===== EXERCISE DATA =====
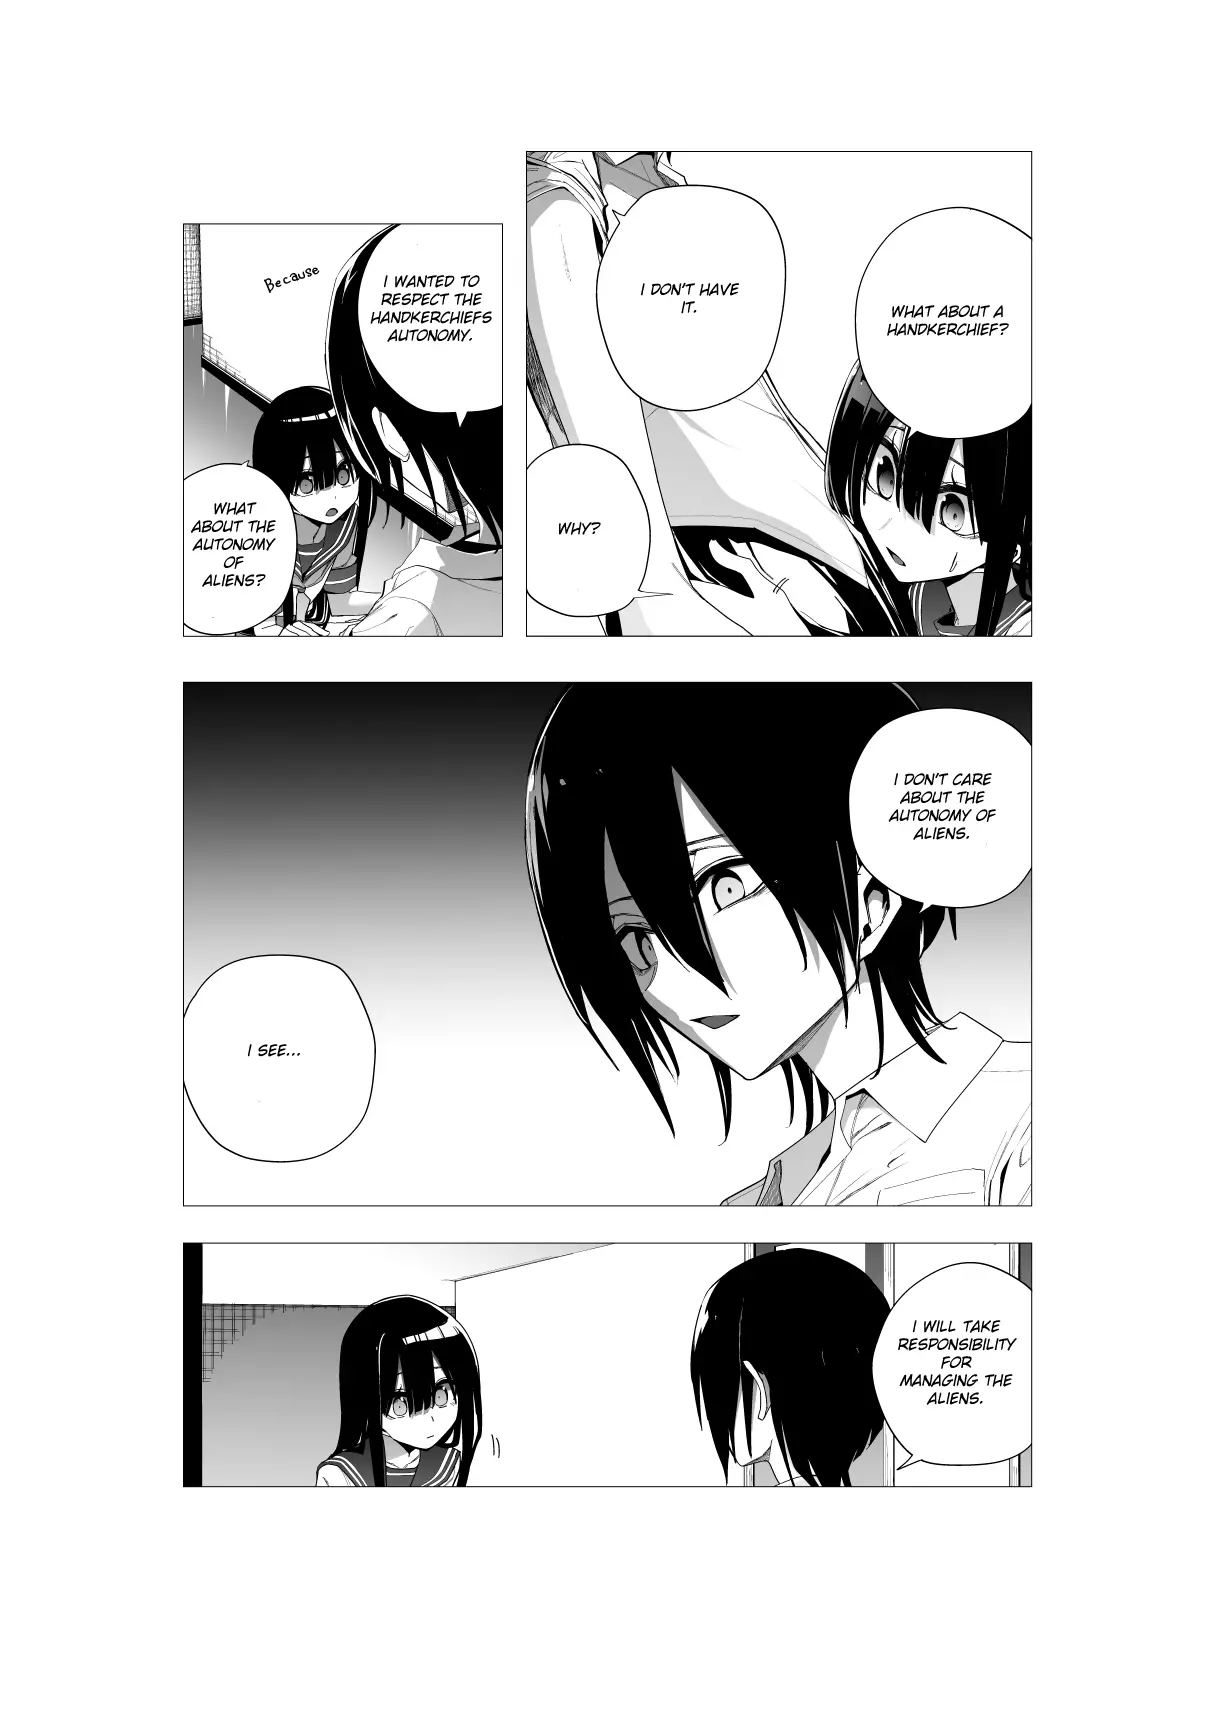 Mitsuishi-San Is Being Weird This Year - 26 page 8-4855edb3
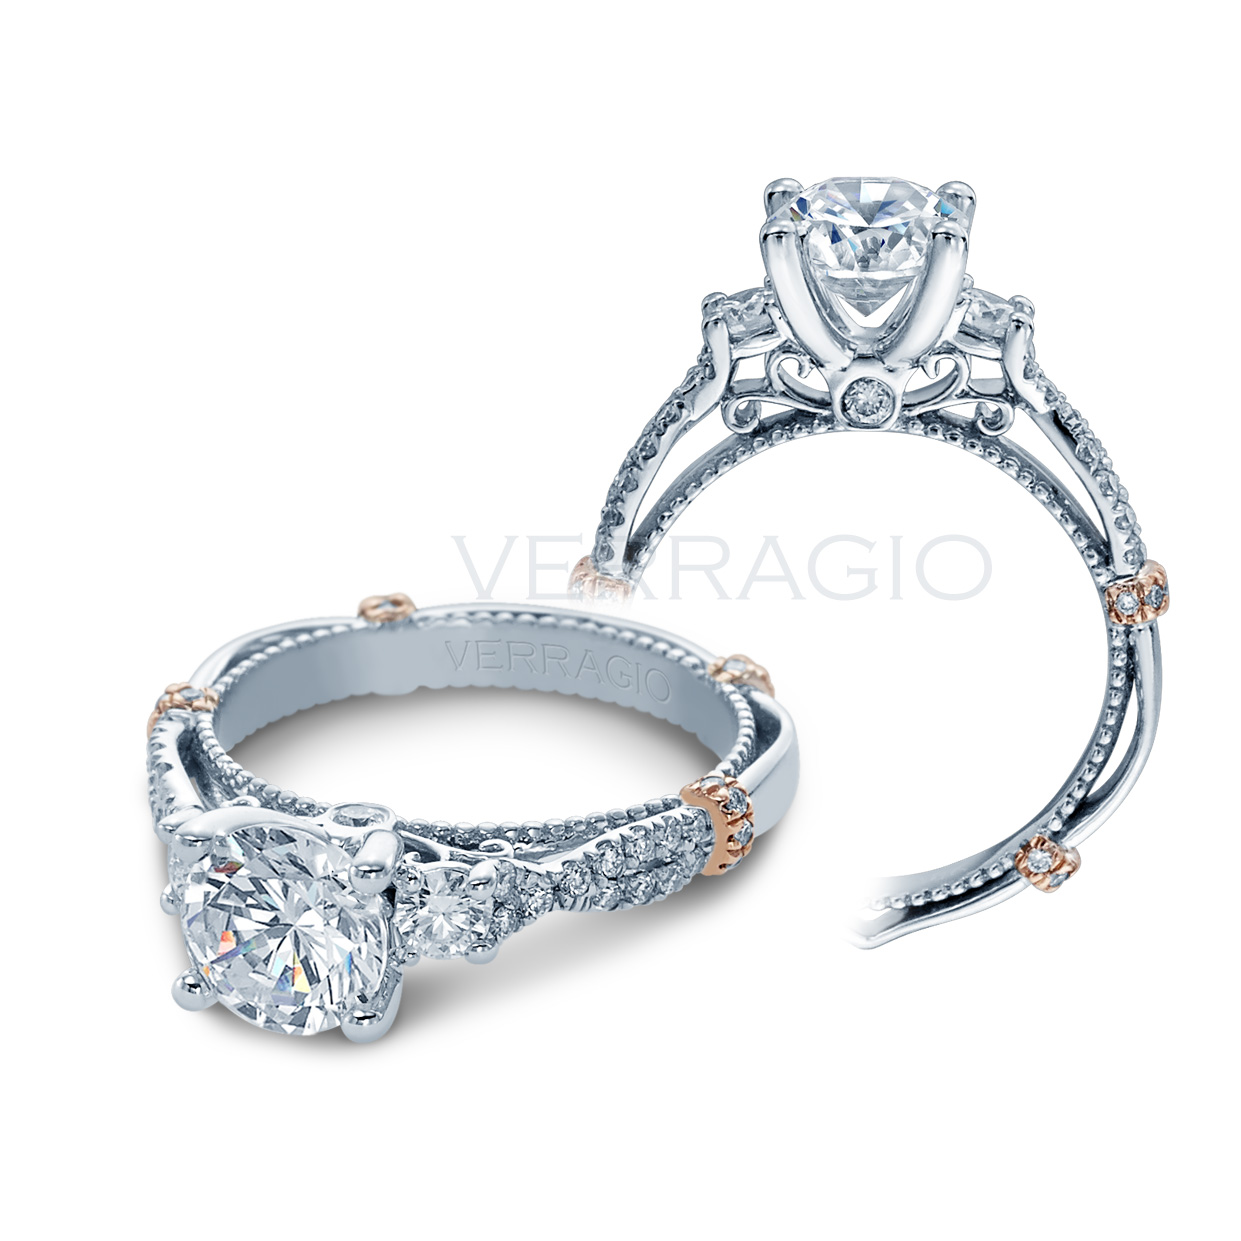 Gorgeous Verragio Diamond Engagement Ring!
=====
===== EXERCISE DATA =====
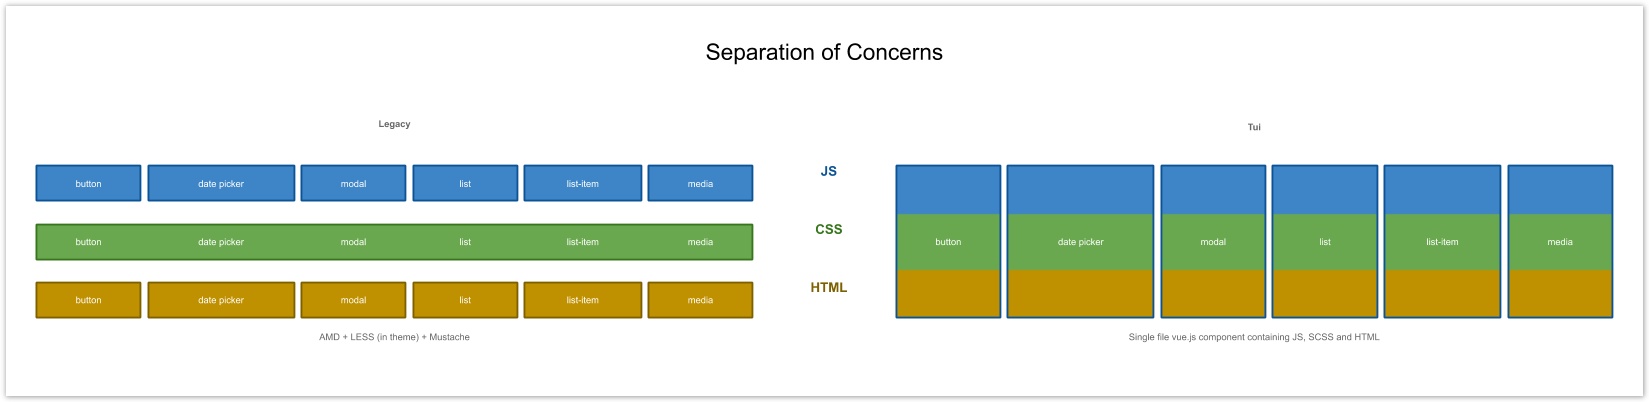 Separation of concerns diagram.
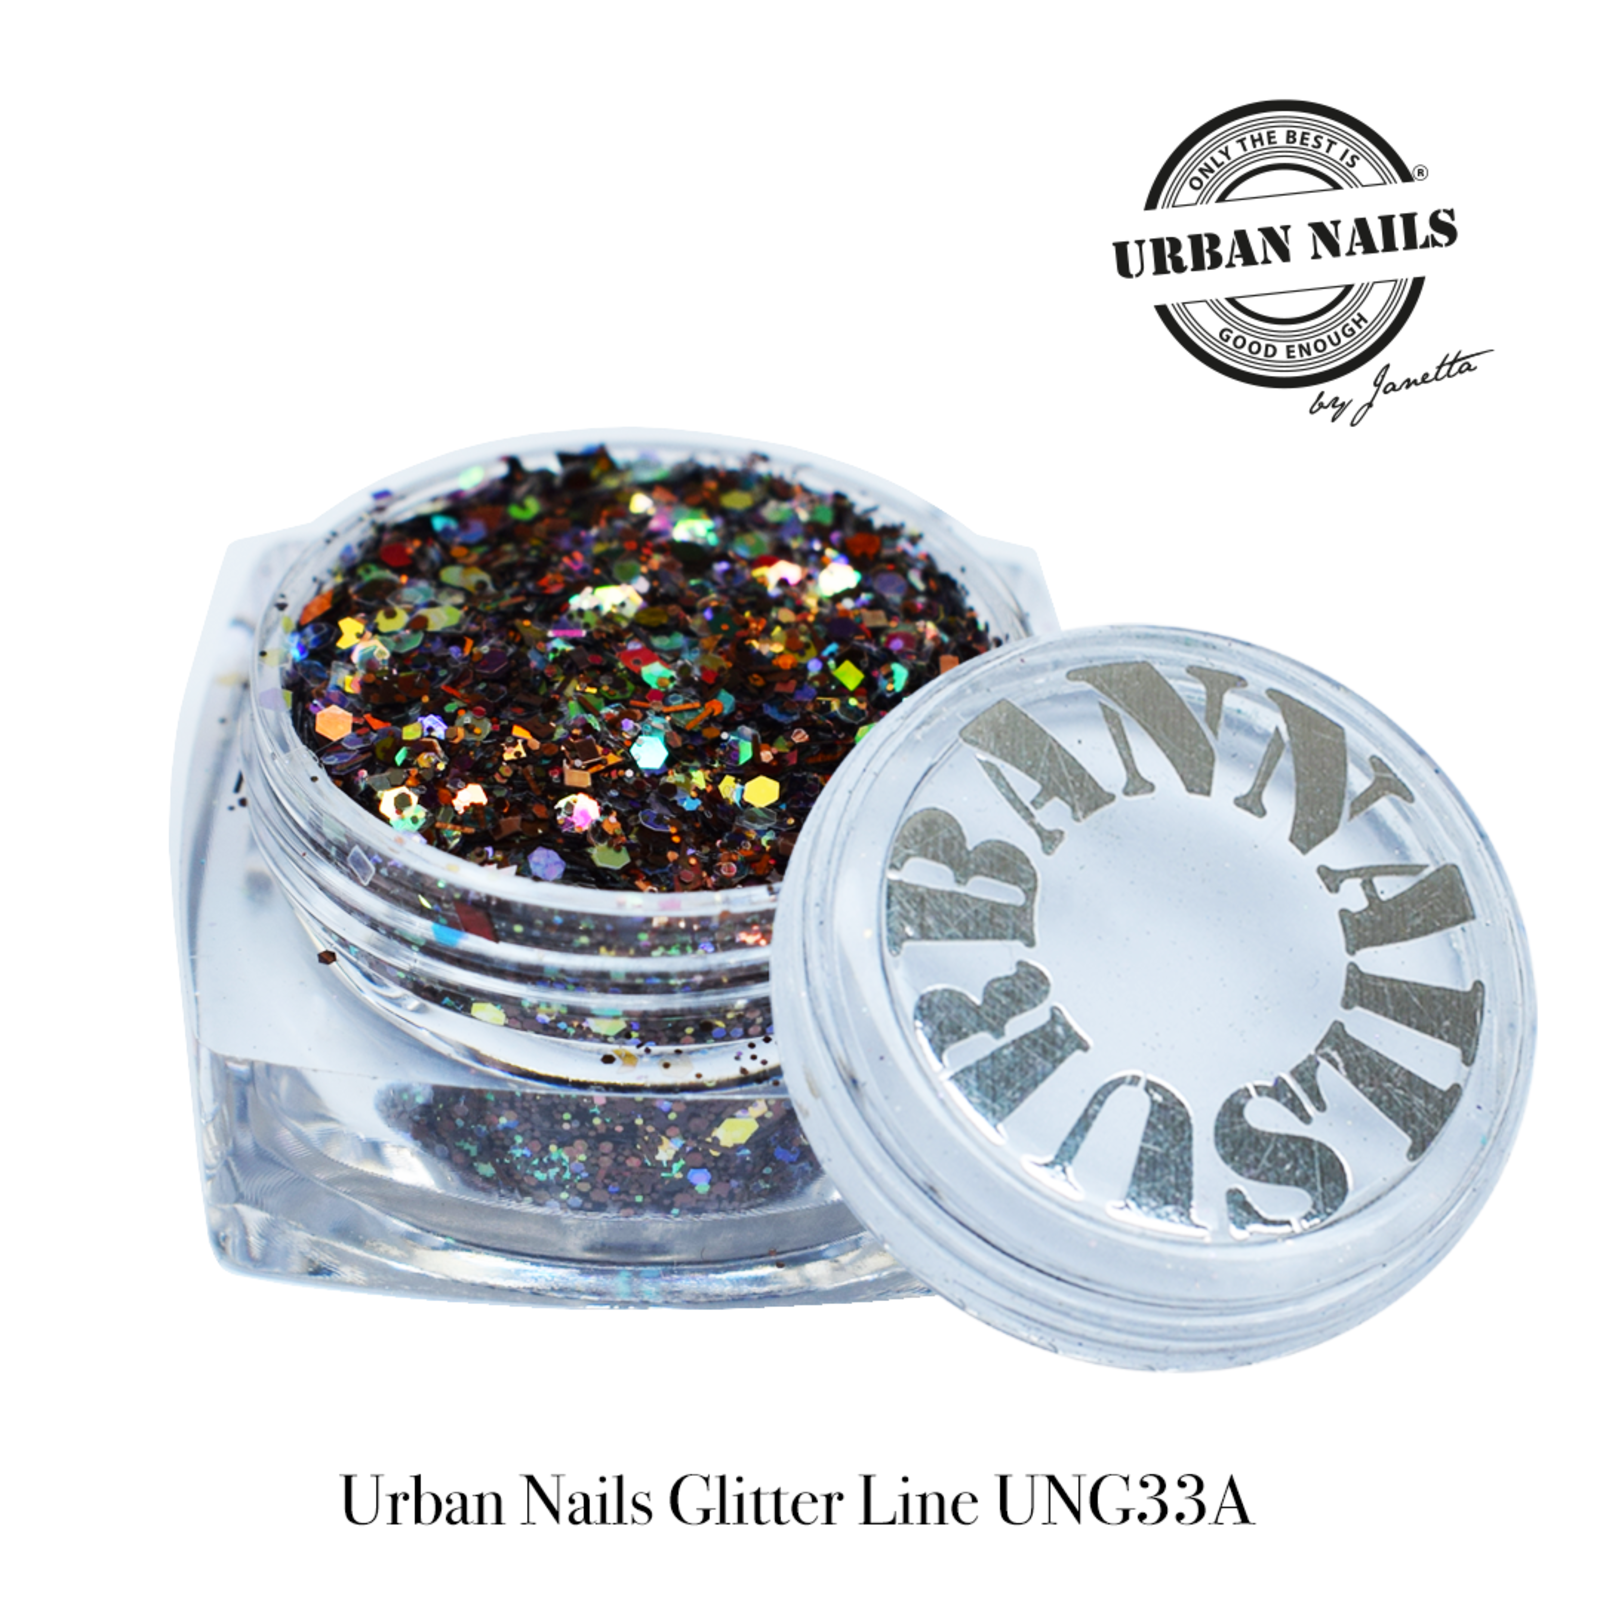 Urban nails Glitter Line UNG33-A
=====
• REQUIRED ACTION: Would you give again, exactly, the lines in the data above that run from the line containing "Mitsuishi-San Is Being" to the line containing "Gorgeous Verragio Diamond Engagement Ring!"? Include both ends and no pictures.

• ANSWER FOR THE TASK:
 Mitsuishi-San Is Being Weird This Year - 26 page 8-4855edb3
 Gorgeous Verragio Diamond Engagement Ring!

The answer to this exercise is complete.